HUSSEIN AL-SHAHRISTANI: During the Desert Storm operations I managed to free myself from the prison, took part in the uprising of 1991 and then had to flee along with more than one million Iraqis across the world.
DAVID FROST: Patrick, is this a familiar pattern that you experienced of people treated in the way that Hussein was?
PATRICK COCKBURN: Yes it is. I mean that people have always been understandably nervous about opposing Saddam on anything like this, or even when they are close to the top giving contrary advice, such as the moment that Saddam decided to invade the whole of Kuwait. I know that people in the inner ruling circle drew their breaths in, thought this is a really bad idea, but they didn't quite dare say it directly, implied it.
DAVID FROST: And apparently King Fayed called King Hussein and said have you heard that idiot hasn't stopped where we agreed, so that he went on into Kuwait with disastrous consequences.
PATRICK COCKBURN: Oh yes. A lot of people thought it's going to be a limited invasion - I mean in Iraq and outside - because that's what one thought we could get away with, but the idea that he'd take the whole of Kuwait came as a big surprise to everybody, including people around him.
DAVID FROST: When people are talking now, as they are, about the morale of Iraqi troops and they'll fight from street to street in Baghdad, and all of that. Do you think there is that sort of morale for Saddam in Iraq?
PATRICK COCKBURN: No I don't think so. I mean the Iraqi, Iraqis in general know the last quarter century has been miserable for them. The Iraqi army also knows that it will lose, ... the disparity of power is too great. And also it's just very difficult to do in Iraq. Baghdad is a great spread-out city, it doesn't look like Stalingrad or Bosnia, you know, with concrete canyons, the classic idea of street warfare, it would be really difficult to do that in Baghdad. So I think he will, Saddam will ... down in greater Baghdad, because that's where most of the population is.
DAVID FROST: And what do you think the reaction of the people of Iraq will be - I mean will they, Patrick doubts that they will fight vigorously, that they, in a sense, will welcome the potential departure. Are we - is that right or are we deluding ourselves?
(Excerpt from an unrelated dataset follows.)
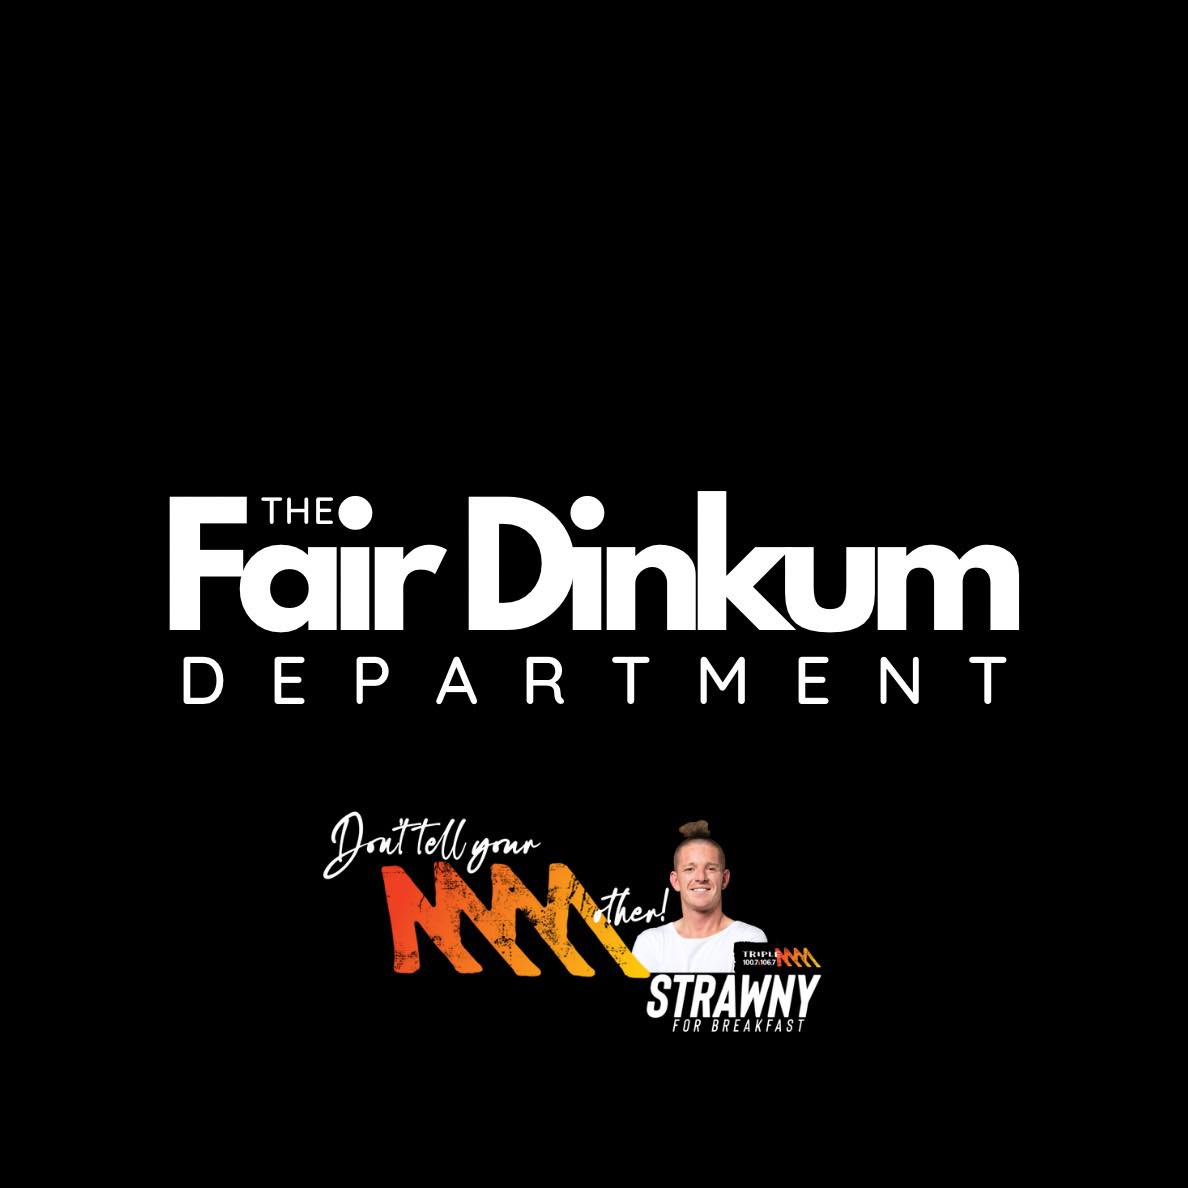 The Fair Dinkum Dept with Kel & Di from Lifeline Mid Coast - Thursday April 11

HUSSEIN AL-SHAHRISTANI: No, no I agree with Patrick. The Iraqis except for a very small minority, the core ba'athists, would welcome any effort to get rid of Saddam. For them the arch enemy is really Saddam and his regime, and they will be very happy to see the weapons of mass destruction being removed because after all those weapons have been used against the Iraqi people themselves before they have been used against anybody else. So the Iraqis will not defend Saddam except for the small core of the ba'athists. Based on our contacts with people inside Iraq, it seems that Saddam has decided to fight his battle in Baghdad only, so I don't think the rest of the country will show any resistance or sympathy to the regime - if they can be assured that their independence, territorial integrity, and the will of the Iraqi people is going to be respected in what follows. And on that they have not been always hearing the right voices, if you like.
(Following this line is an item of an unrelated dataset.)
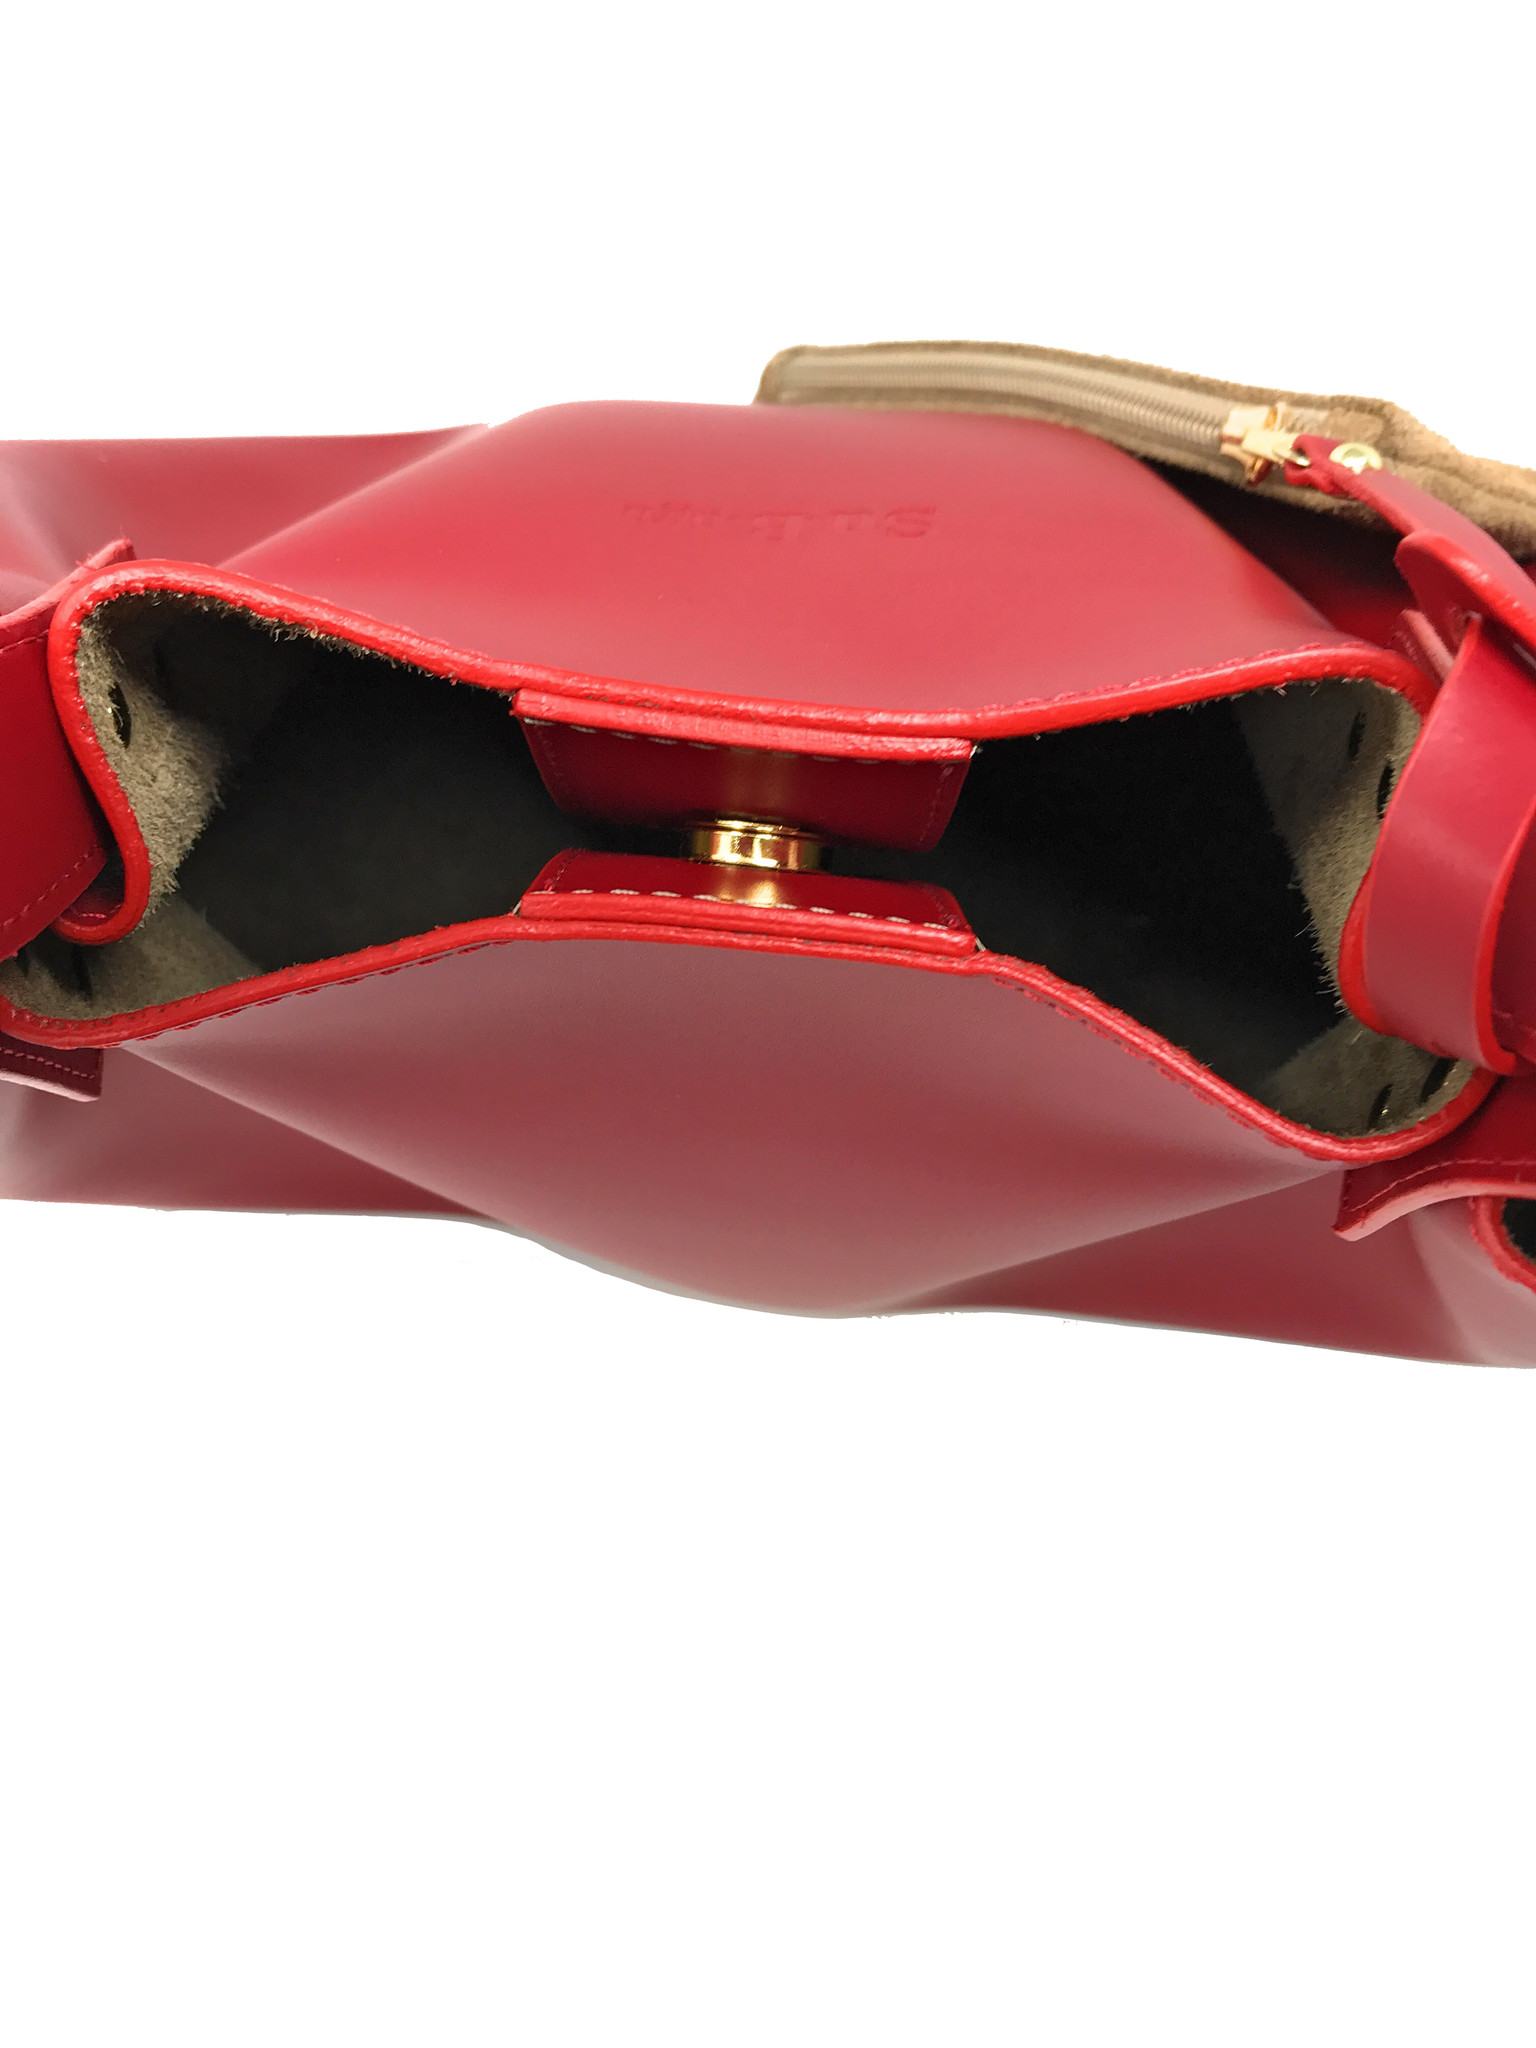 Luxurious Leather tote for women - shoulder bag, shopping bag - shopper - handbag  - Red-7

DAVID FROST: And looking at the voices they've been hearing, what about the effort so far that the West has made, our dossiers, Colin Powell's dossier, and so on - do you think we've done a good job of getting that message across, or could you have done a better job?
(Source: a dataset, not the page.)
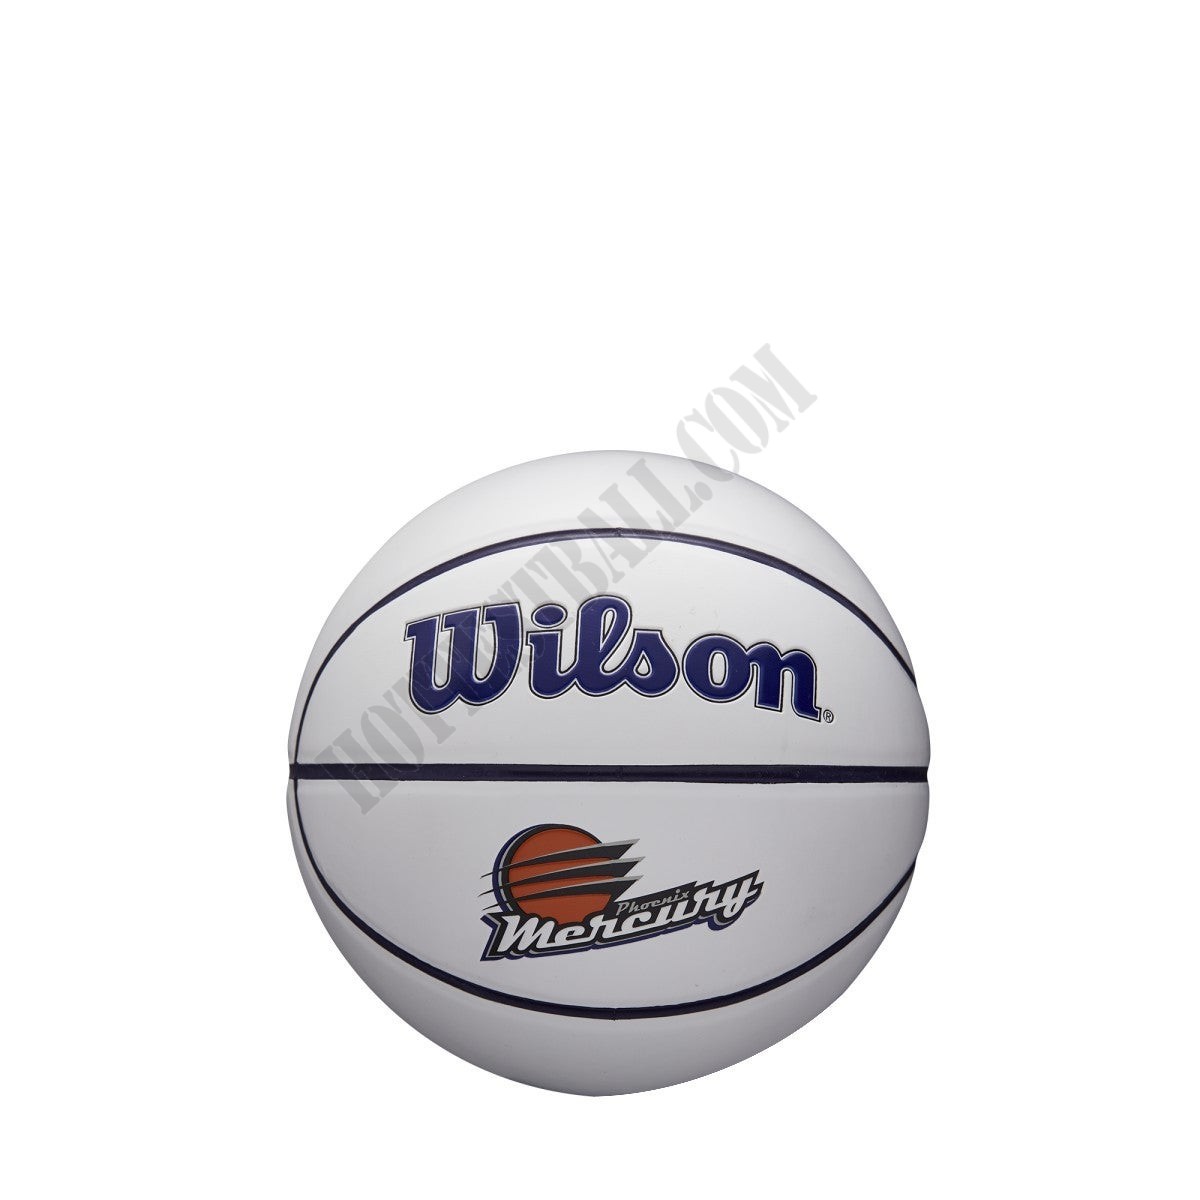 WNBA Team Mini Autograph Basketball - Phoenix Mercury - Wilson Discount Store - WNBA Team Mini Autograph Basketball - Phoenix Mercury - Wilson Discount Store

PATRICK COCKBURN: Well it's rather a strange job, I mean Saddam should not be difficult to demonise, but some of the documents coming out are, some are astonishingly poor, and not just the one that emerged here last week but the week before the White House put out a document which was quoting stuff from Pakistani and Bangladeshi newspapers as evidence of Saddam's wrongdoing. There's no suggestion he had any connection with these, but it was as though it had been written by somebody who thought that anything said in a Muslim or an Arab state must be orchestrated by Saddam. Pretty, very sort of amateur a lot of this stuff coming out.
DAVID FROST: Well thank you both very much for that portrait - we'll talk to Charles Kennedy in a moment, but thank you both very much for that portrait you've given us there.